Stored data

□ □ □

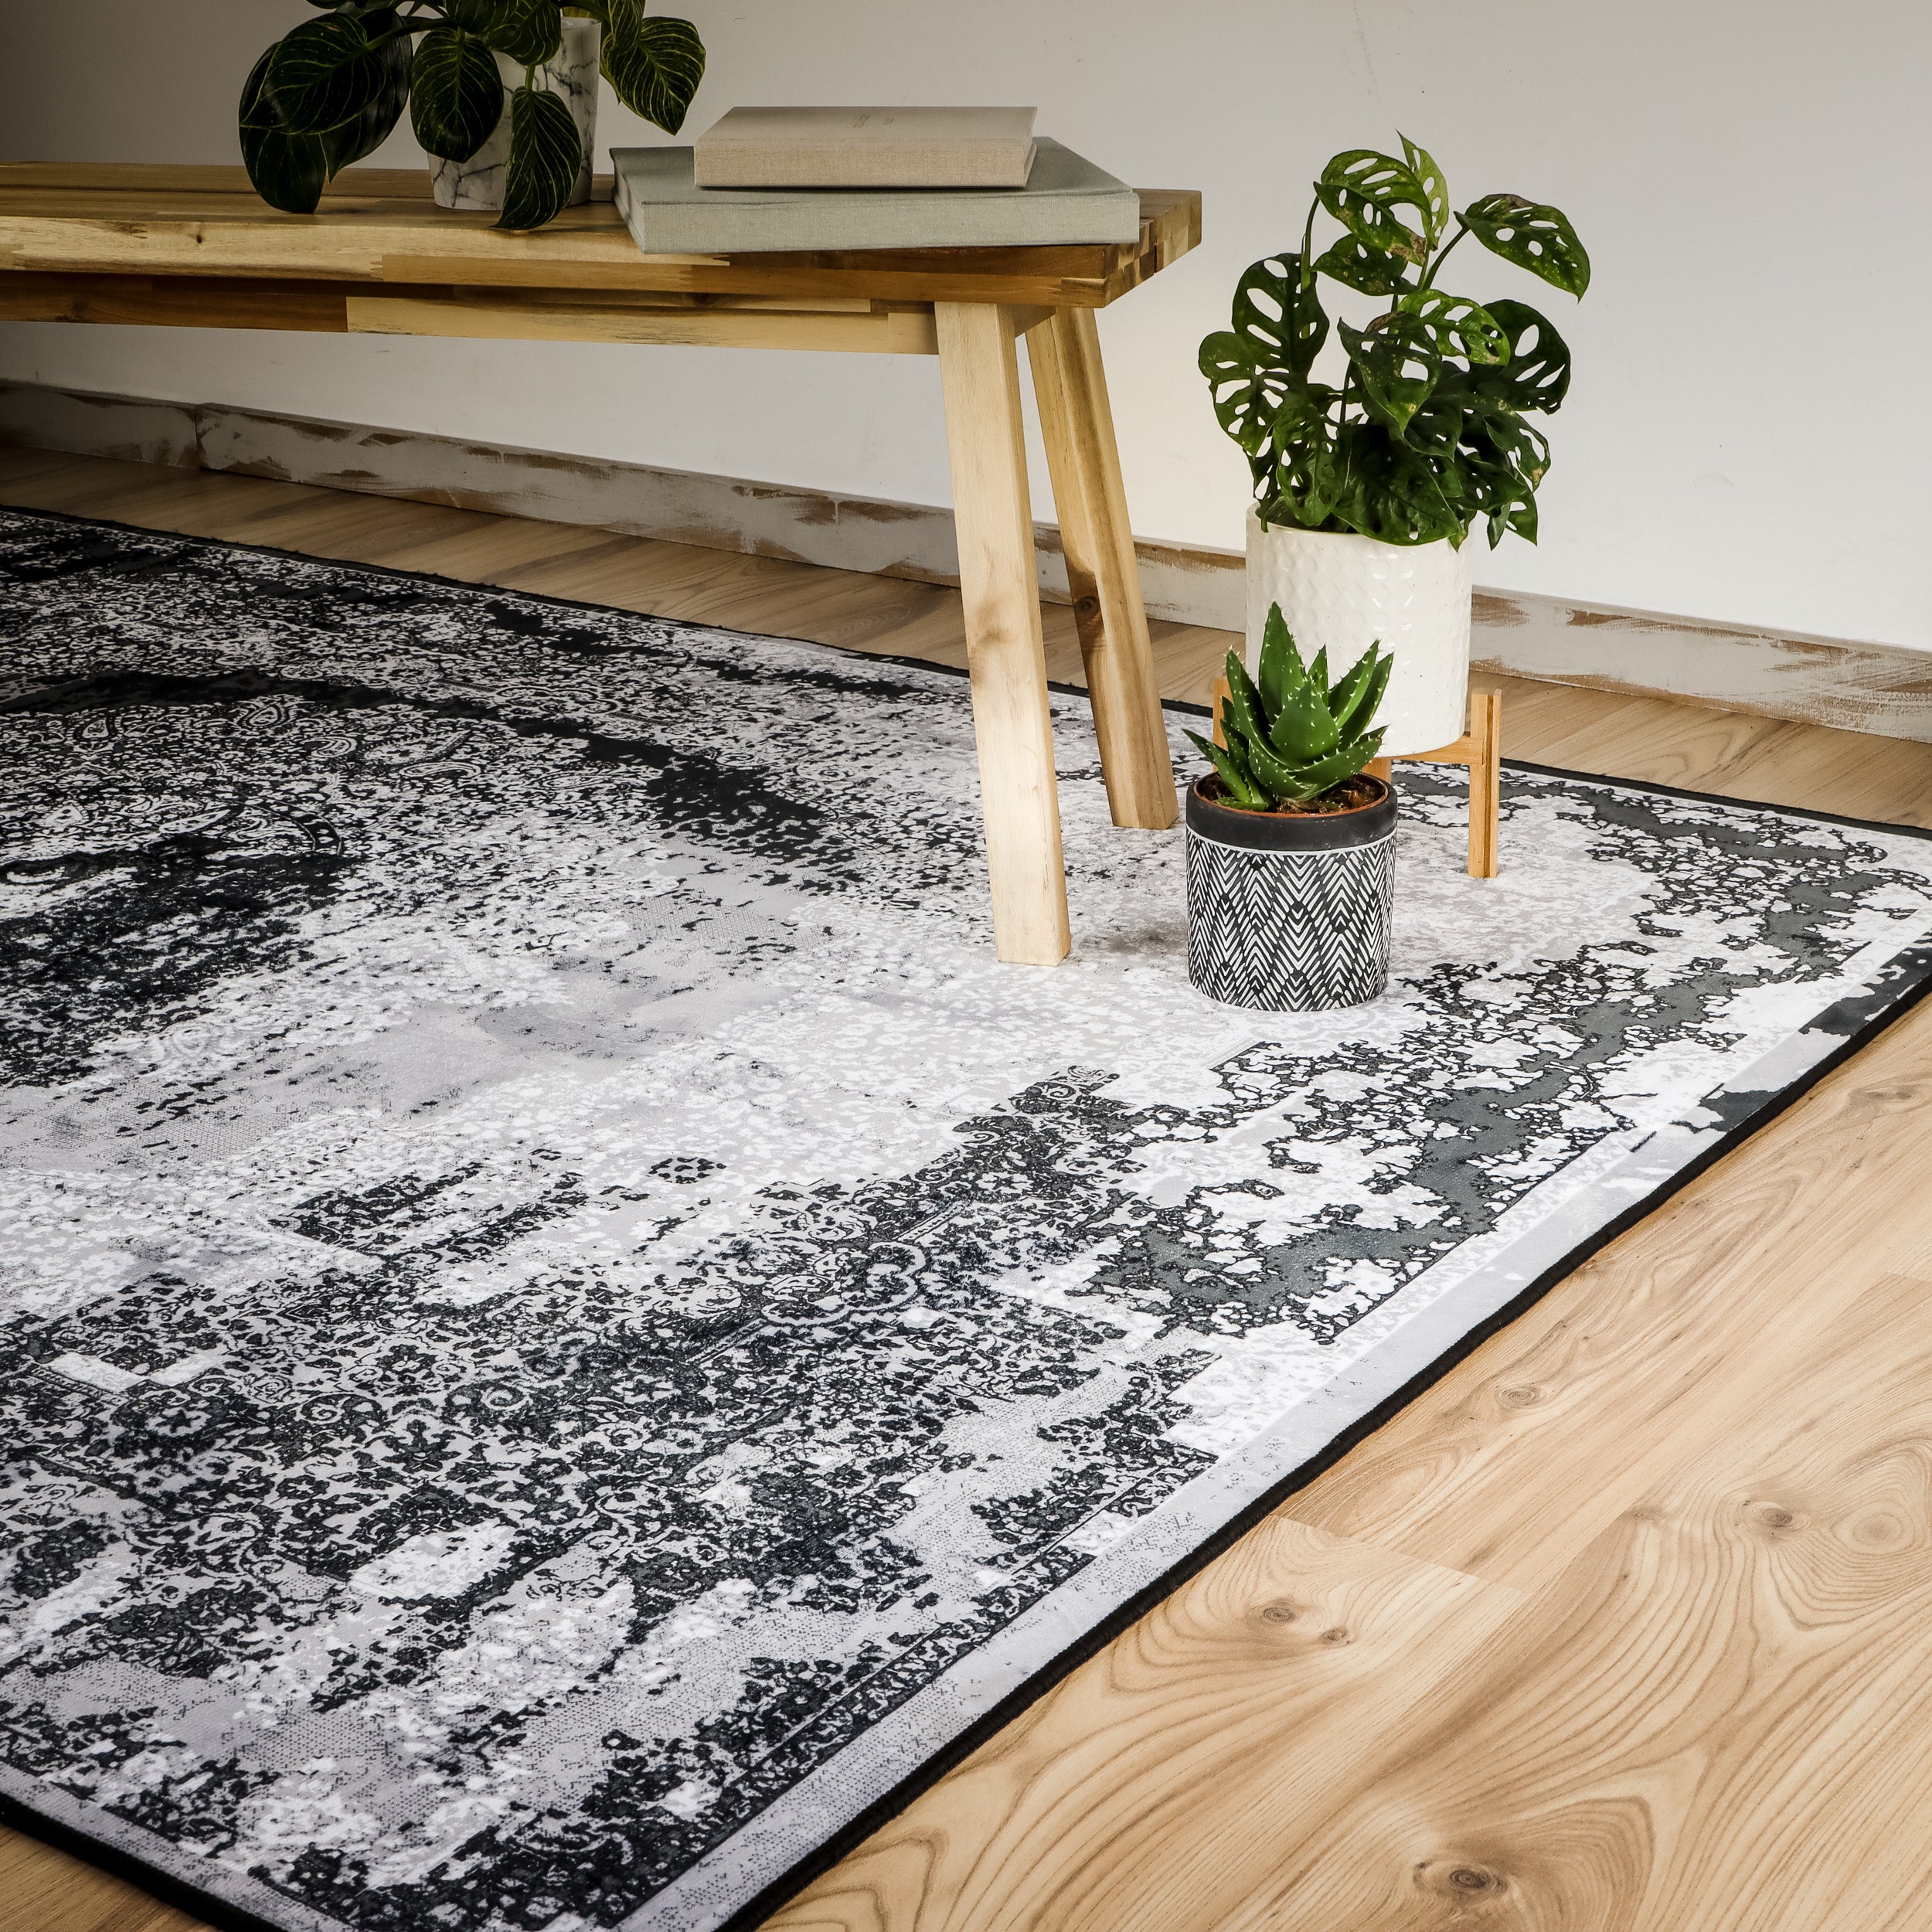 My Tampa 134 grey Teppich: Stilvolles Design, praktische Funktionalität für dein Zuhause
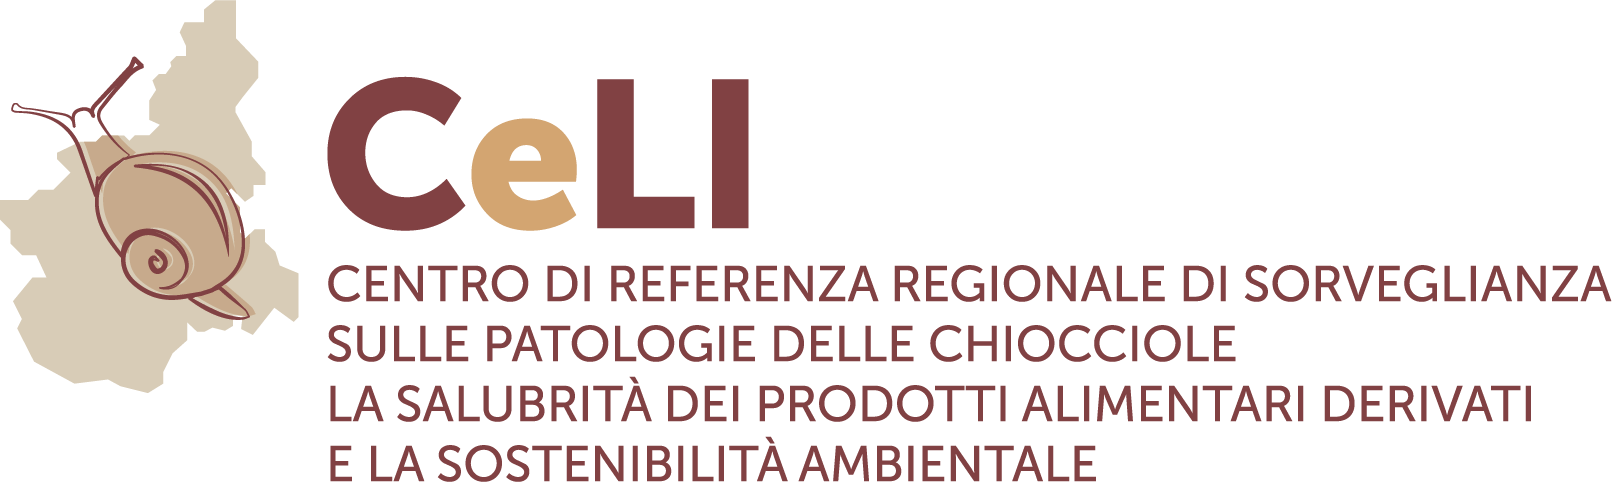 Logo CELI
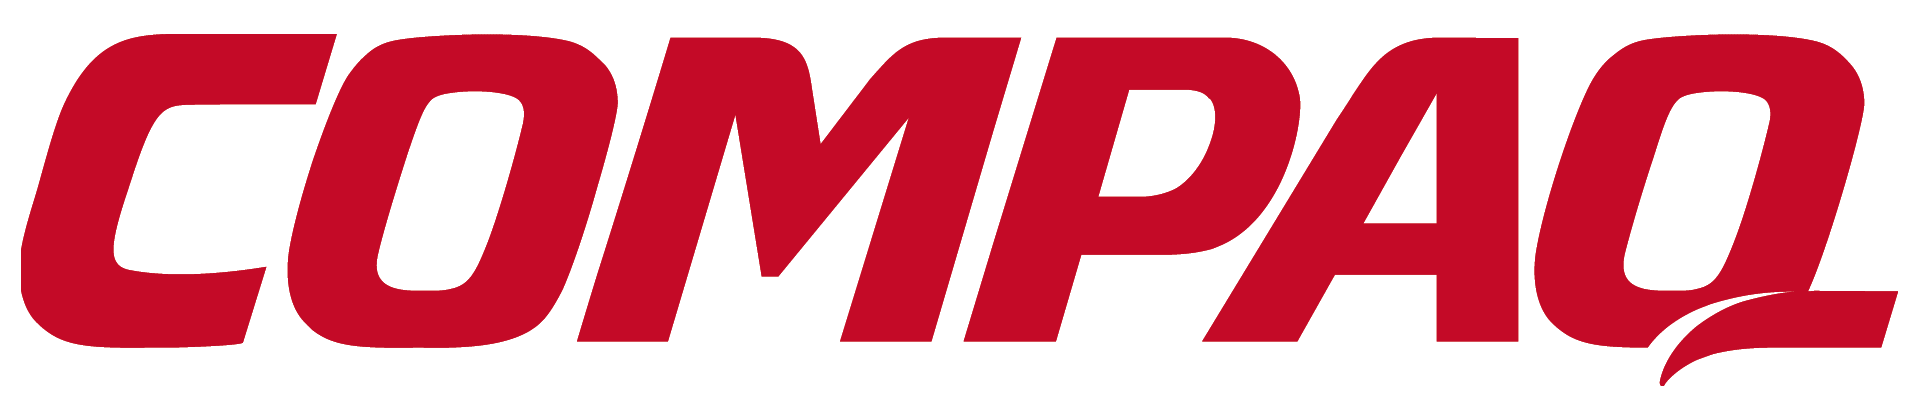 HP Compaq Logo - Compaq Logos
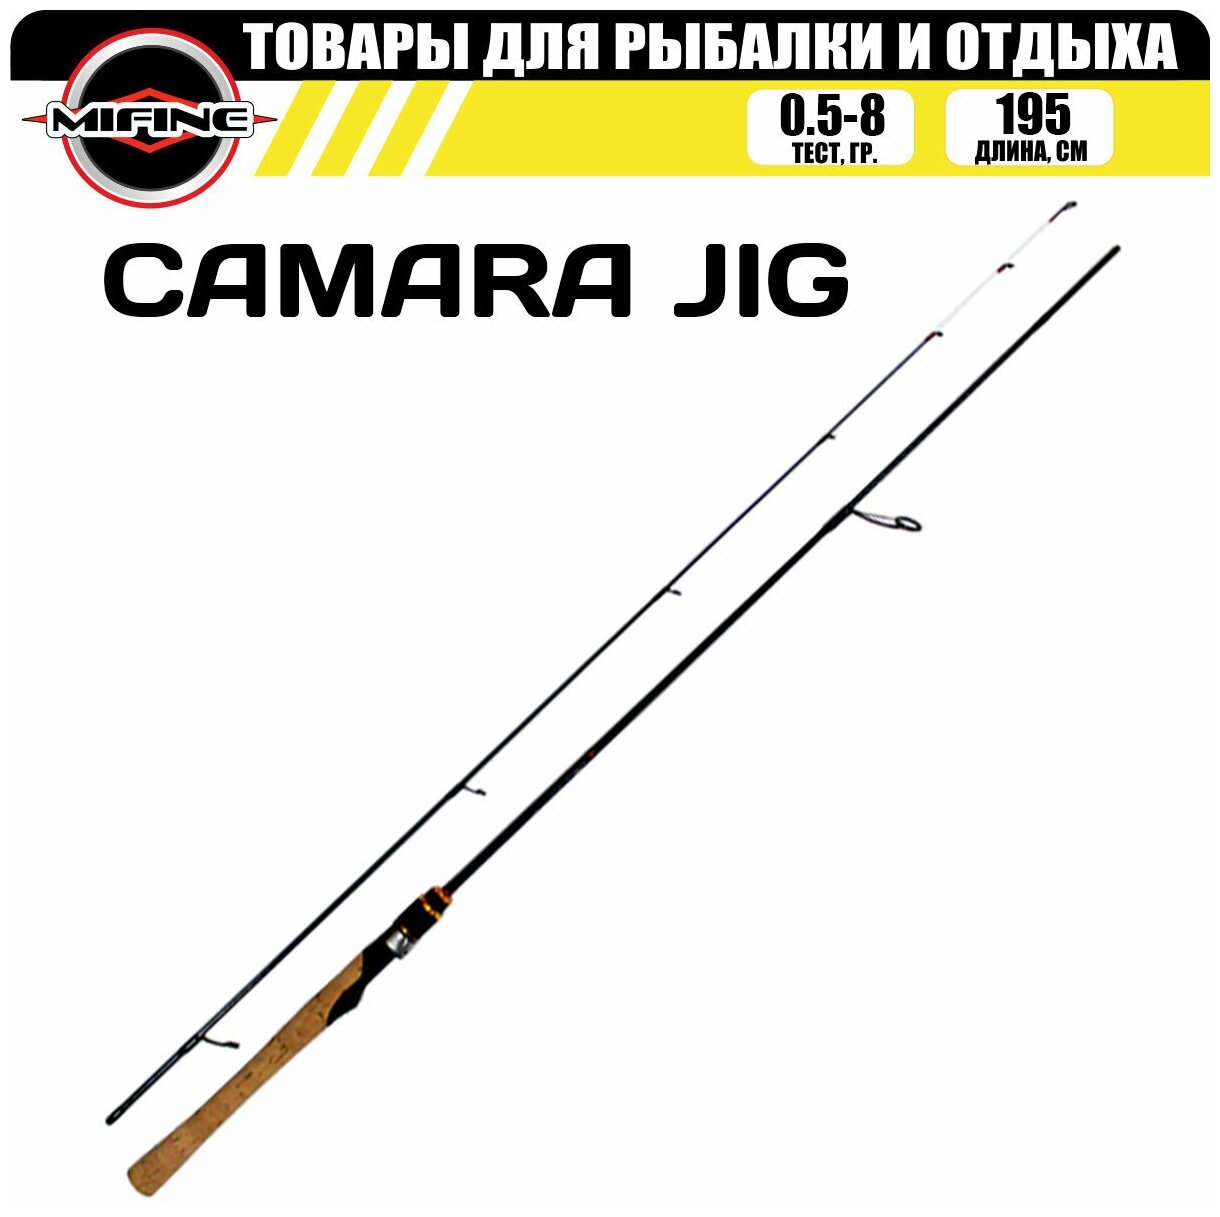 Спиннинг штекерный с быстрым строем MIFINE CAMARA JIG SPIN 1.95м (0.5-8гр), для рыбалки, рыболовный
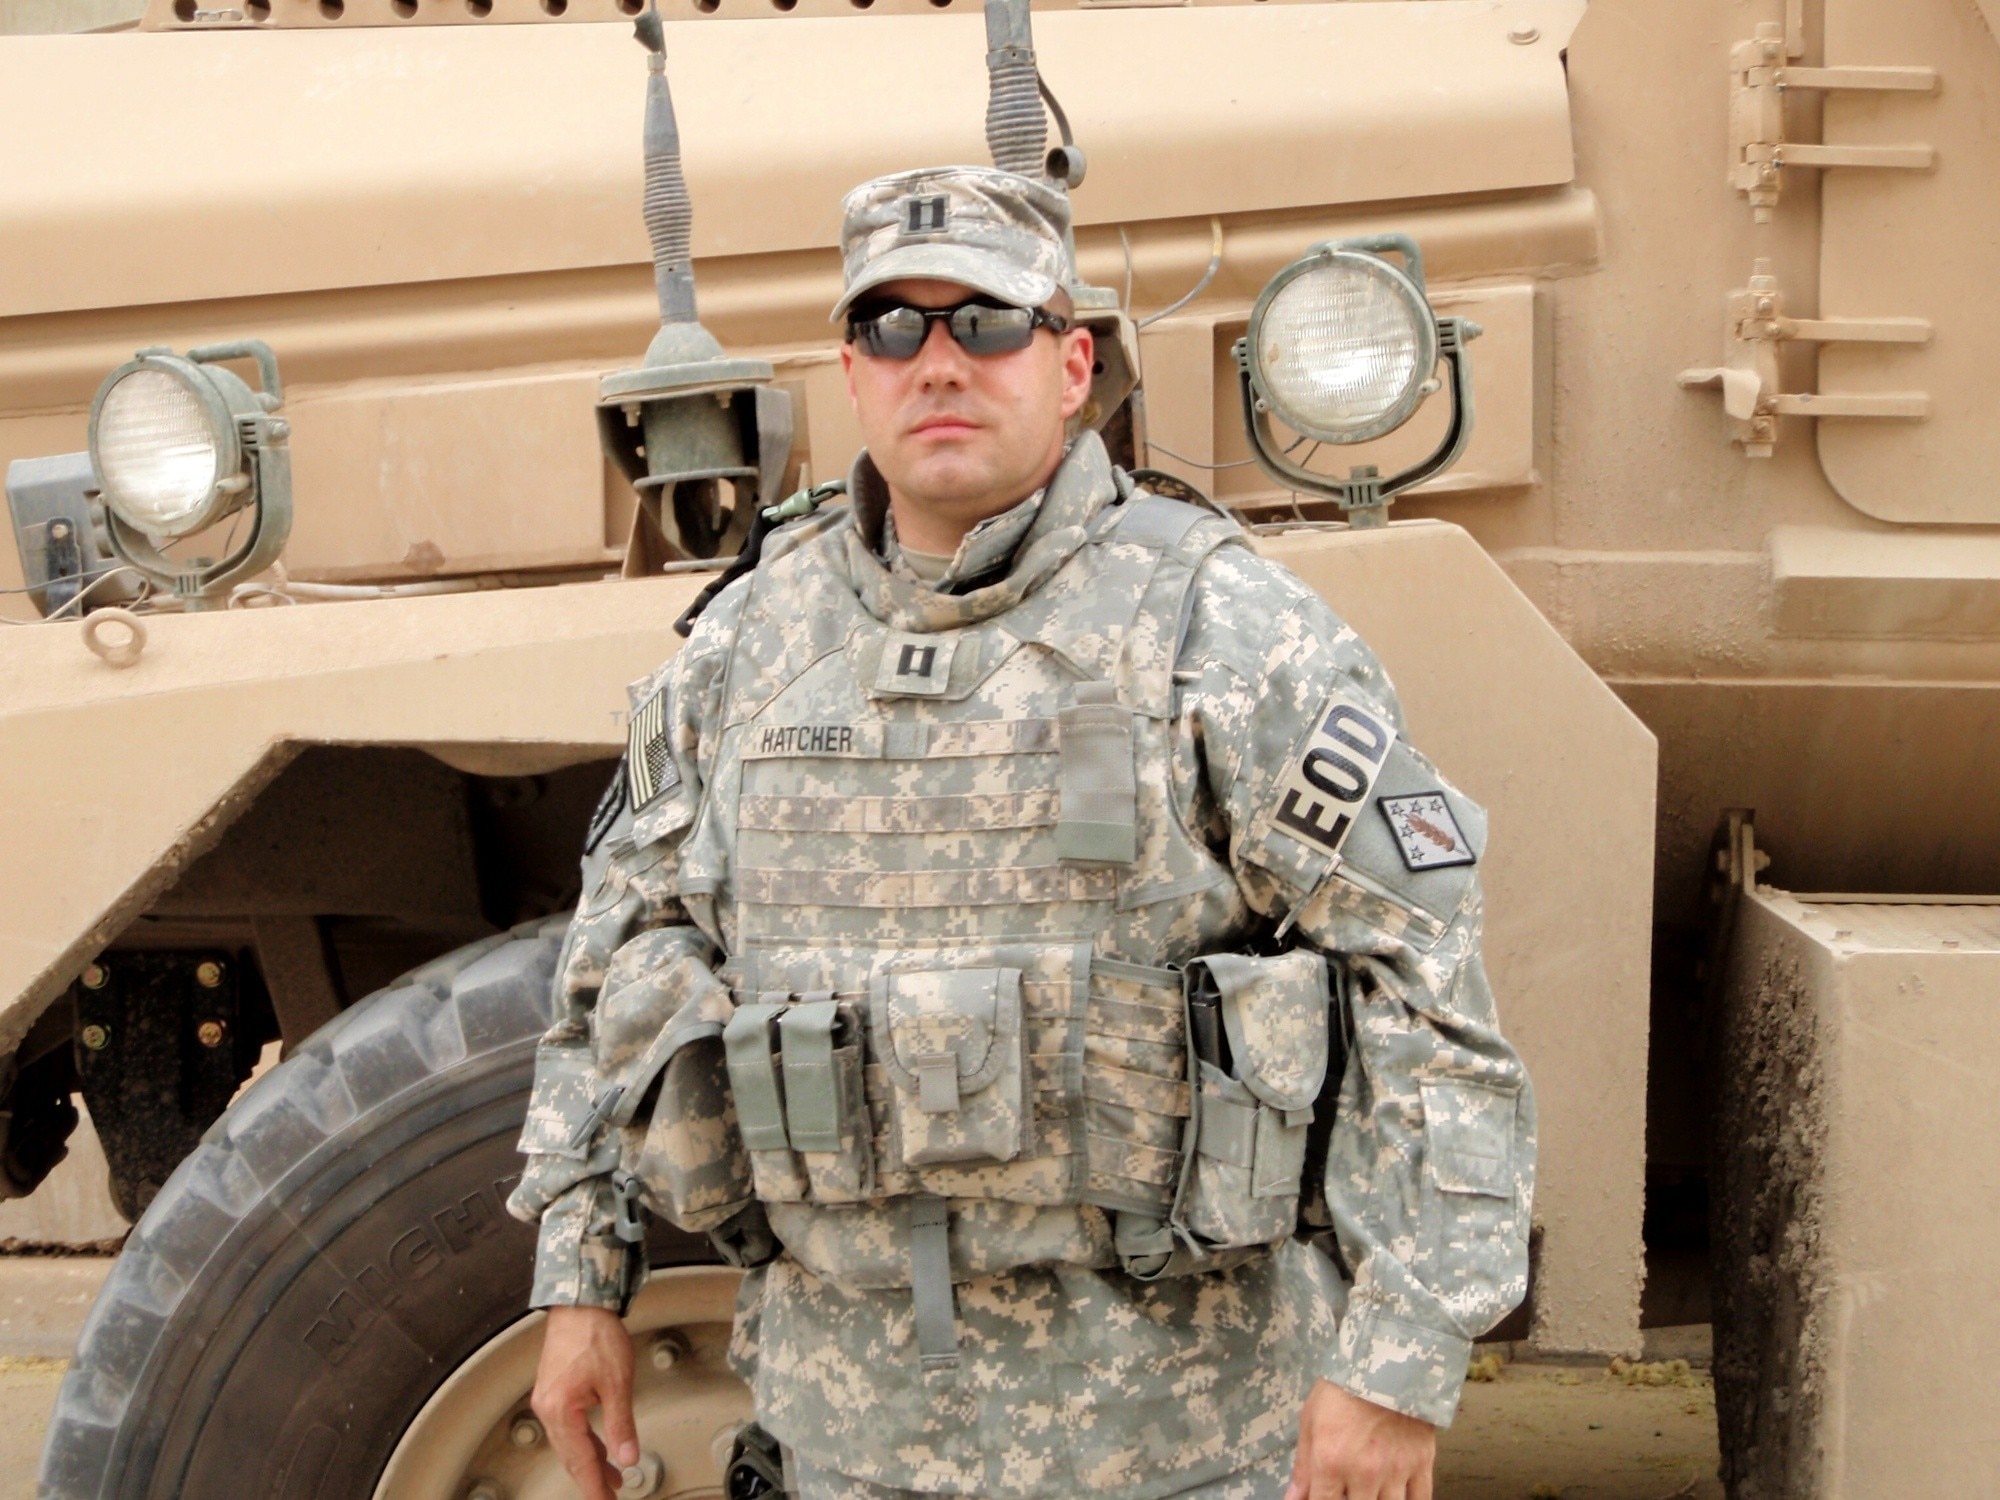 Then U.S. Army Capt. Dorian C. Hatcher serves in Iraq in 2008

□ □ □

» **Aim of the exercise**
The records above need to be printed in full and exactly, without any of the pictures.

» **Solution to this exercise**
 My Tampa 134 grey Teppich: Stilvolles Design, praktische Funktionalität für dein Zuhause
 Logo CELI
 HP Compaq Logo - Compaq Logos
 Спиннинг штекерный с быстрым строем MIFINE CAMARA JIG SPIN 1.95м (0.5-8гр), для рыбалки, рыболовный
 Then U.S. Army Capt. Dorian C. Hatcher serves in Iraq in 2008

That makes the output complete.